As a video software engineer, I know your pain from a slightly different angle.
Your "waterfall effect" is over quantization of DCT blocks (in rare cases it could also be misuse of the deblocking filters). It's pretty easy to avoid and most encoders can actually give feedback about quantization rates and whether artifacting will be visible in output frames.
The problem is that people don't know how to use their encoders correctly, use them with completely the wrong settings and then don't inspect the output to see the result.
The MPEG4 High Profile 4.1 used in BluRay discs is capable of practically flawless encoding at any motion rate if operated with a little care.
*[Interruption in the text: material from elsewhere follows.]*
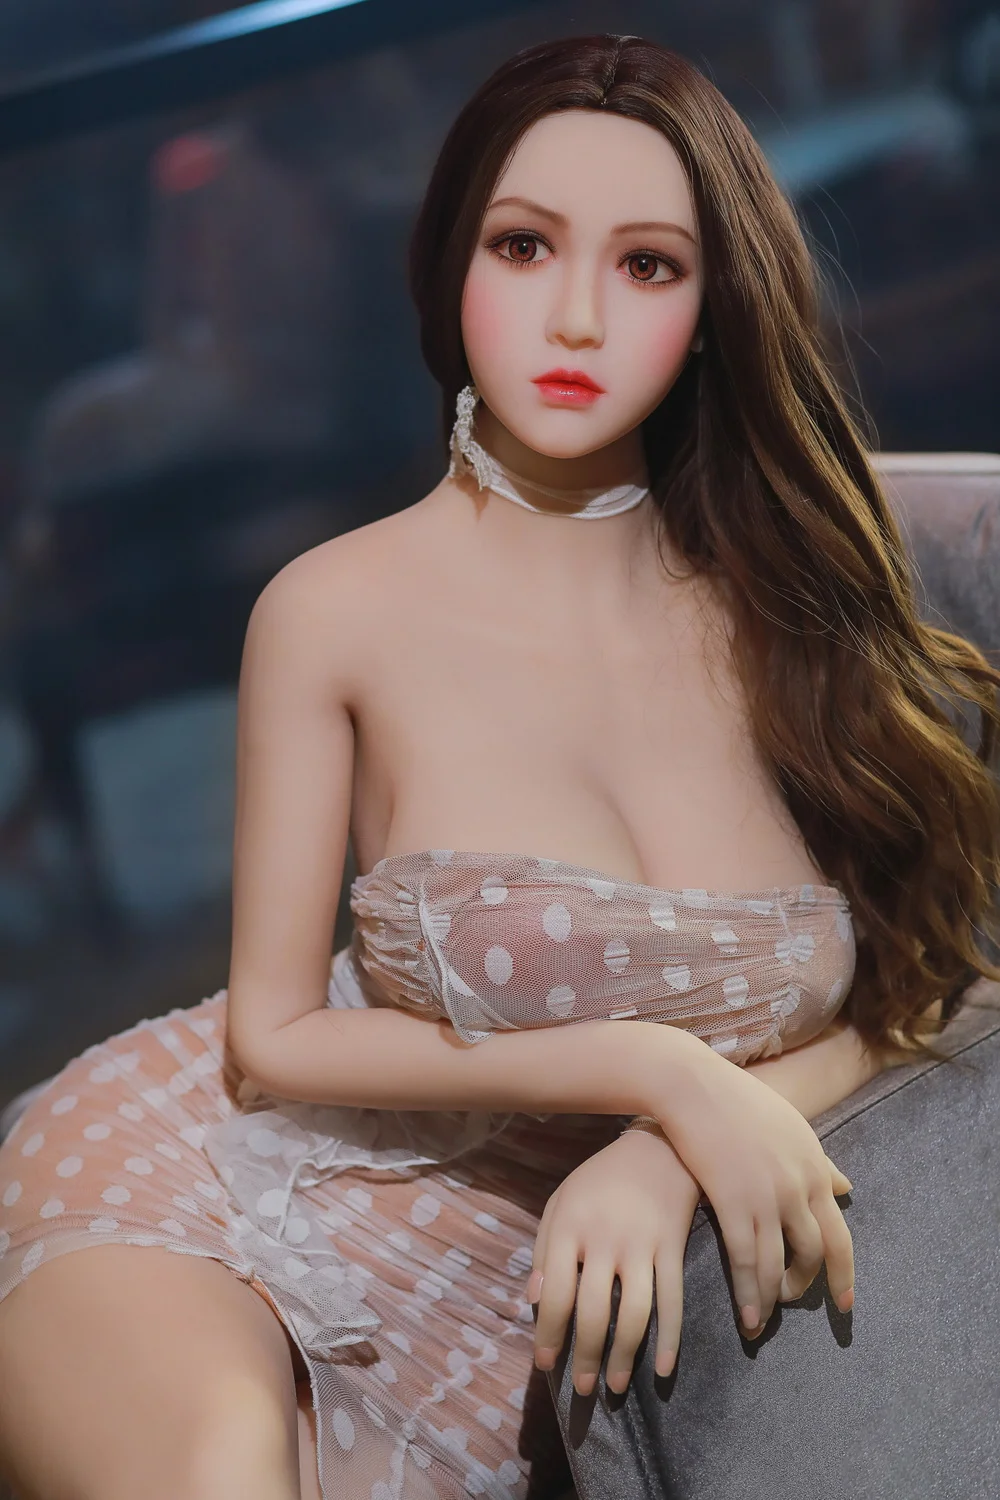 Sex doll sitting on a chair with hands on the armrests

MPEG4 allows custom and dynamic quantization and a two pass encoder can use the second pass to fix any mistakes by adapting the local bitrate and quantization method.
I actually suspect though that you're seeing MPEG2 video getting pumped at an MPEG4 bitrate which is causing massive over quantization. This generally happens when studios have MPEG2 encoding hardware but no MPEG4 encoding hardware but they are told "keep your video at X bitrate" – even though this leaves half the disc empty and the video looking like a stream of 8x8 shiny cubes.
Of course, some decoders don't implement deblocking algorithms correctly and actually *increase* blockiness in some cases. This would be the fault of your BluRay player – you'd need to play on a good software player and compare.
And don't get me started on interlacing in digital video. It's a "feature" that has only ever made digital video worse and is somehow part of most broadcast standards. Aaarrgh!